While Jordan was a producer, NewsChannel 5 shot up to the number one local 4 p.m. newscast in the United States. At the same time, the pressure to perform at such a high intensity level took its toll.

“When covering local news, you either get to meet people during the best day of their lives or the worst day,” she said. “Too often, it is the worst.

“While I loved my teammates, the constant pressure to perform, exceed ratings and find the next lead story was just too stressful. I knew I needed to make a career change so I could spend more time with my family.”
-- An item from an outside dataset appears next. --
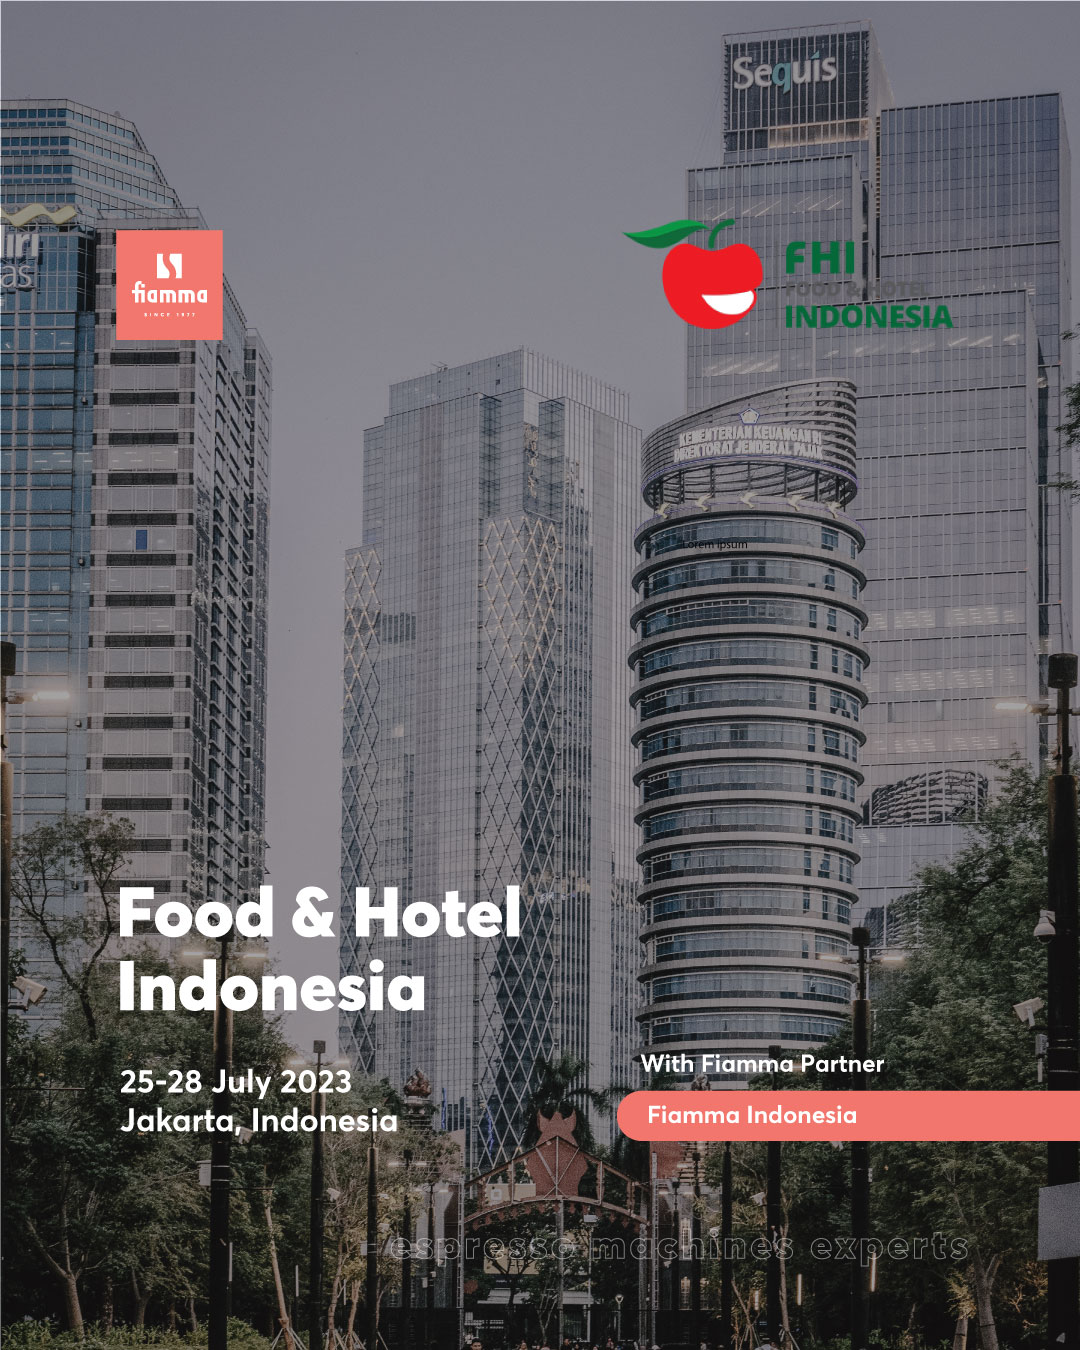 Fiamma at Food & Hotel Indonesia 2023

After moving to Atlanta in 2014, Jordan was done with broadcasting but struggled thinking about how her skills might translate to the corporate world. Like many former journalists, she made the move into public relations and found a perfect spot with Primrose Schools Franchising Company’s public relations and communications department.

Jordan’s role is to manage, plan, write and present content within the company, running two newsletters, a monthly magazine, and conducting a quarterly webinar for franchise owners and school directors. Currently Primrose has more than 400 schools in 32 states for children from six weeks old to elementary. She had been with the company for five years when the pandemic shut the school systems down.

“It was heartbreaking to watch as the world shut down, schools closed and then childcare facilities followed,” Jordan said. “For three months, I was in limbo, not knowing if my role would be saved or not.

“As a woman, we’re taught at a very young age, we can ‘do it all’ and have a successful marriage, family, and the career we always dreamed of. I’m all for finding a passion/talent and pursuing dreams. The problem is while we are striving to be ‘great,’ we are only focused on ourselves. We become consumed with self-empowerment and forget to think of others above ourselves. We forget how much we desperately need the God of the universe.”

In the time away from the working world, Jordan reorganized her priorities.

“Those few months were a true gift,” Jordan said. “I was able to stop running the race for approval and truly focus and rest in who God says I am. My marriage, my girls, and my career are all amazing blessings in my life, but they do not define who I am. If I do not know who I am in the eyes of God, I will instantly crumble when/if those identities are stripped away.

“Something big happens when we toss aside our striving ‘to be great’ or ‘good enough’ and rest in God’s power. We find joy and peace.”